We are supporting a search for a Principal Analytical Scientist to support CMC efforts at a mid-sized pharmaceutical company in the RTP area.
Responsibilities
- Serve as the Analytical CMC lead for the development of new drugs, guiding projects from Phase I to commercialization.
- Develop and provide phase-appropriate analytical strategies to ensure seamless drug development, meeting milestones and deliverables in a timely manner.
- Manage analytical support for drug substance development, product formulation/process development, and process validation.

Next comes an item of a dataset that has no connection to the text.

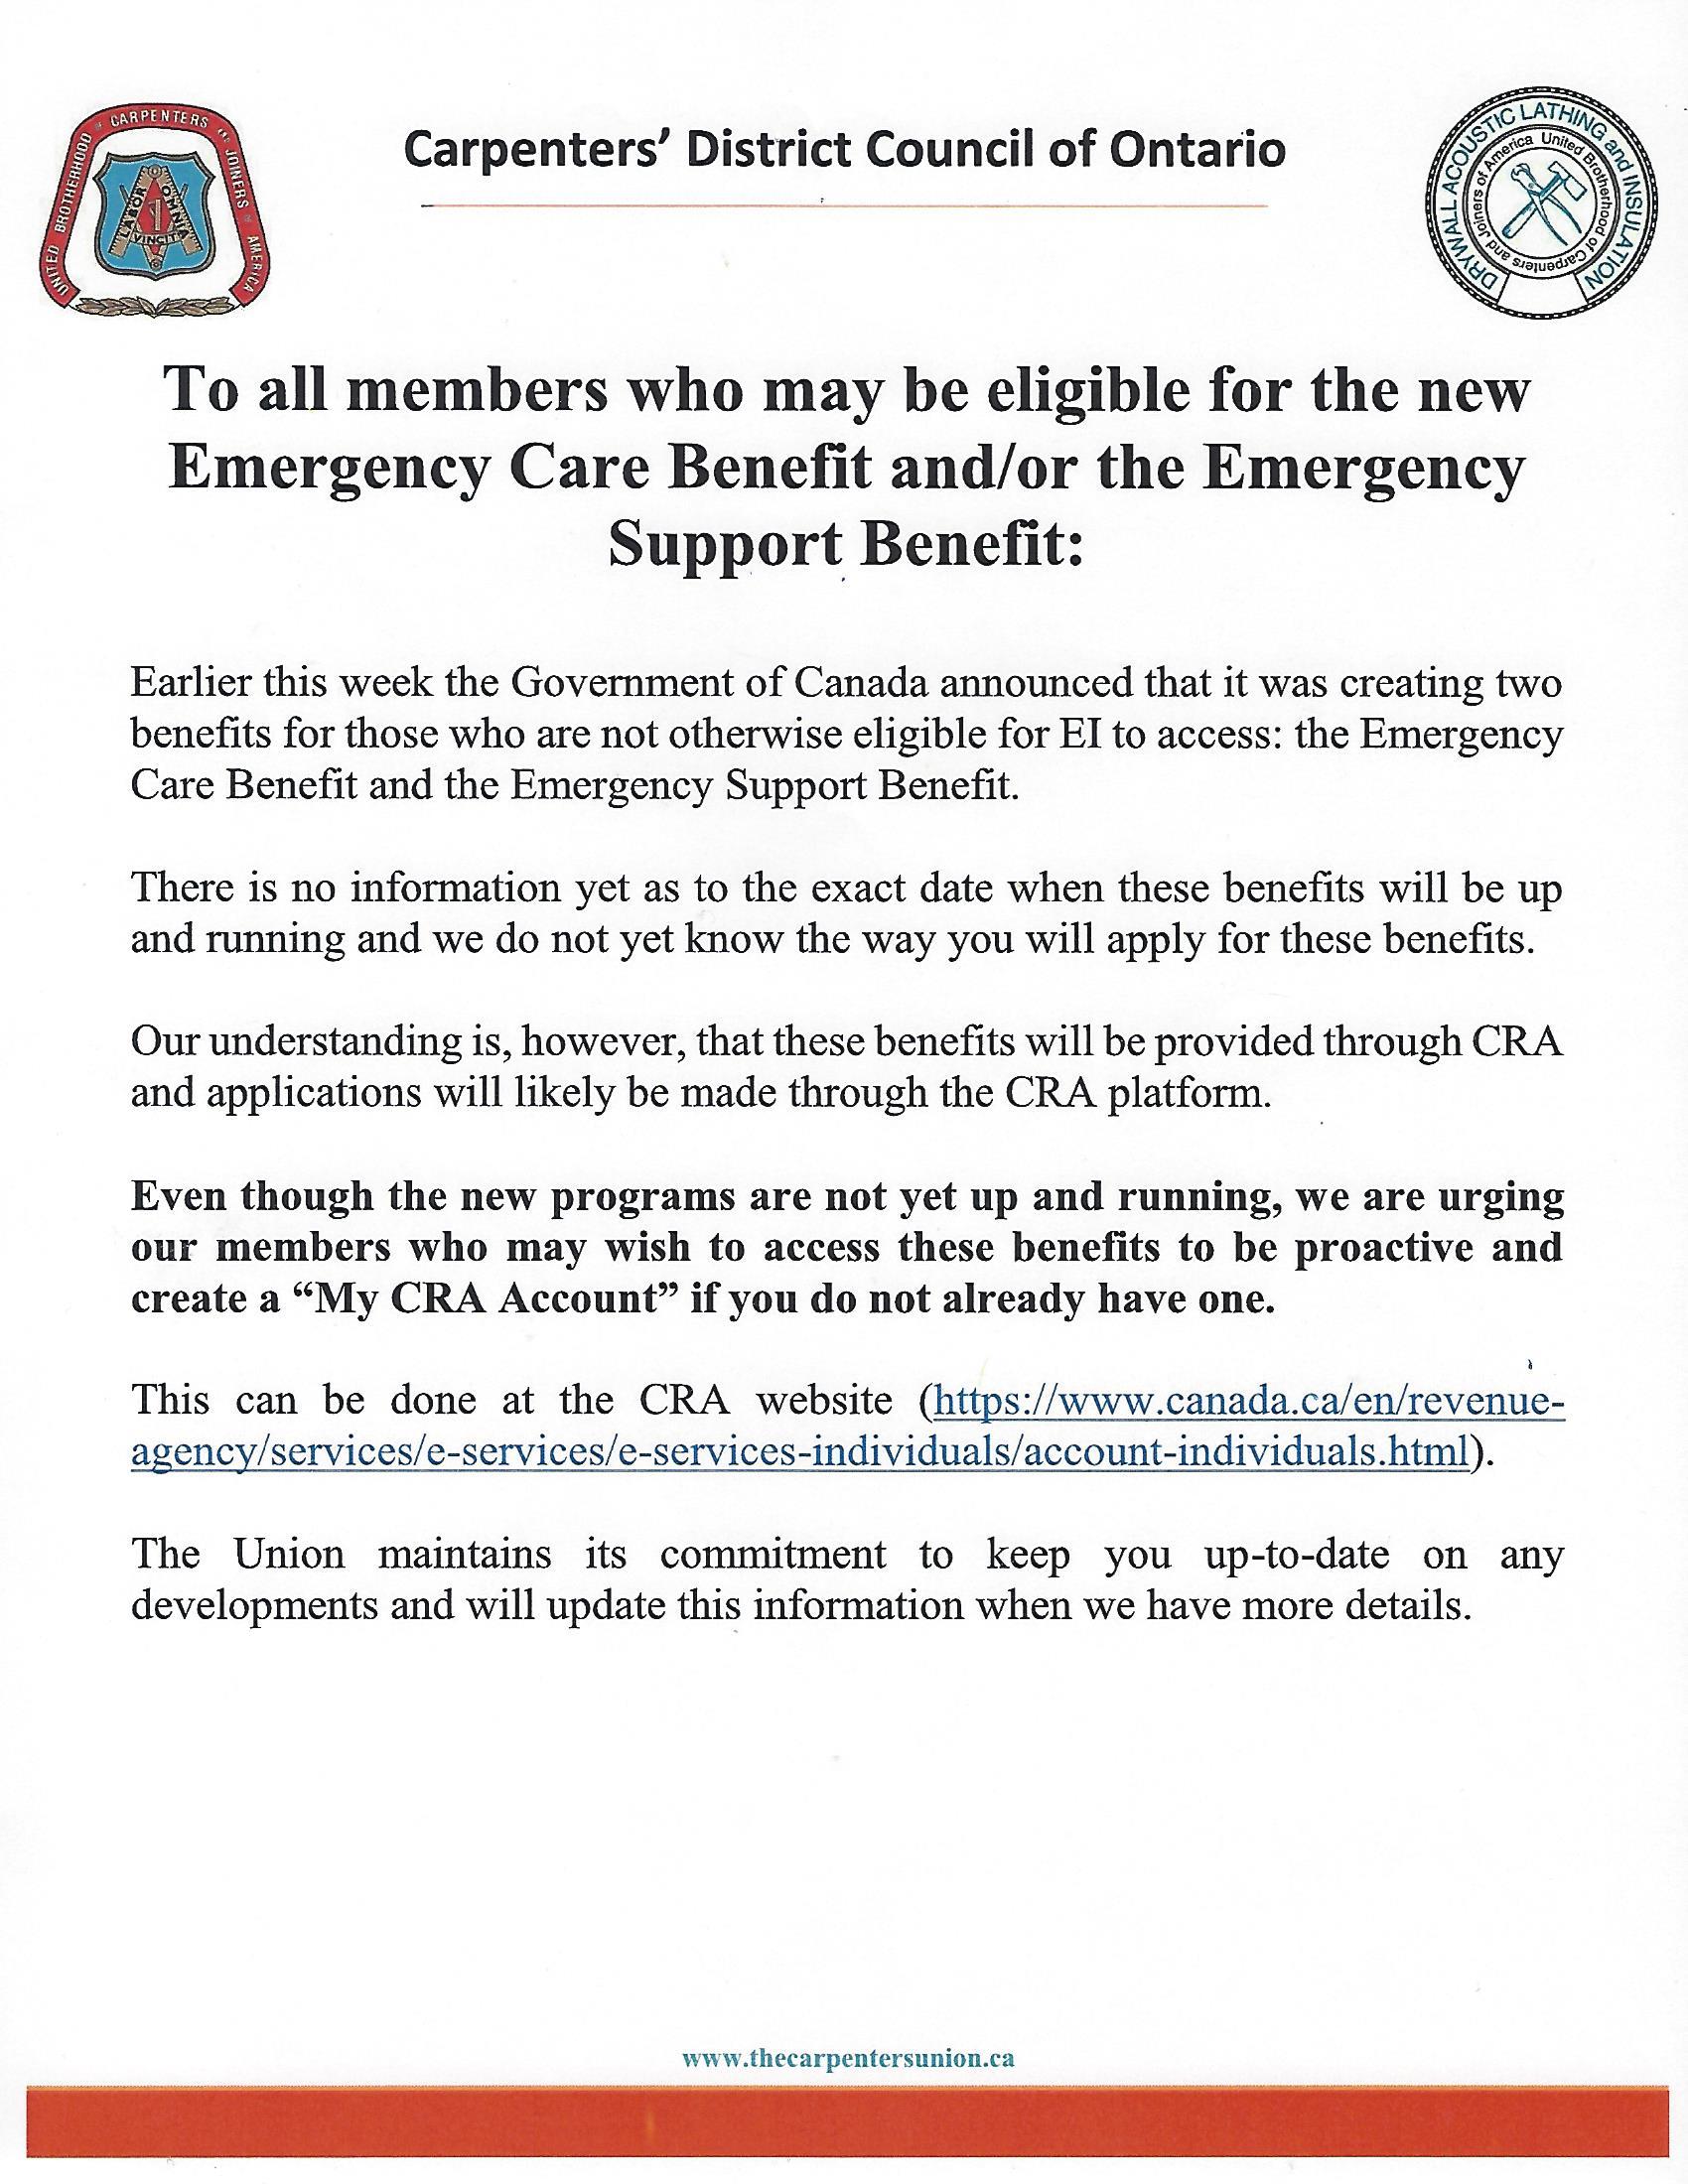 2020.03.20-COVID-19_Emergency_Care_Benefits.jpg

- Direct a small team of scientists (BS and Master levels), providing leadership, coaching, and professional development to direct reports.
- Review and author regulatory documents such as IMPD, IND, NDA, etc.
- Prepare responses to questions from health authorities regarding analytical aspects of drug development.
- Contribute as an analytical subject matter expert (SME) in due diligence activities.
- Prepare and review quality documents, SOPs, guidelines, protocols, reports, etc.
Qualifications
- PhD in Analytical Chemistry or a related field with 5 years of industry experience
- Experience independently developing analytical methods using HPLC, GC, and MS
- Excellent communication and interpersonal skills
- Experience collaborating with cross-functional teams (QC, Regulatory, Clinical, etc.)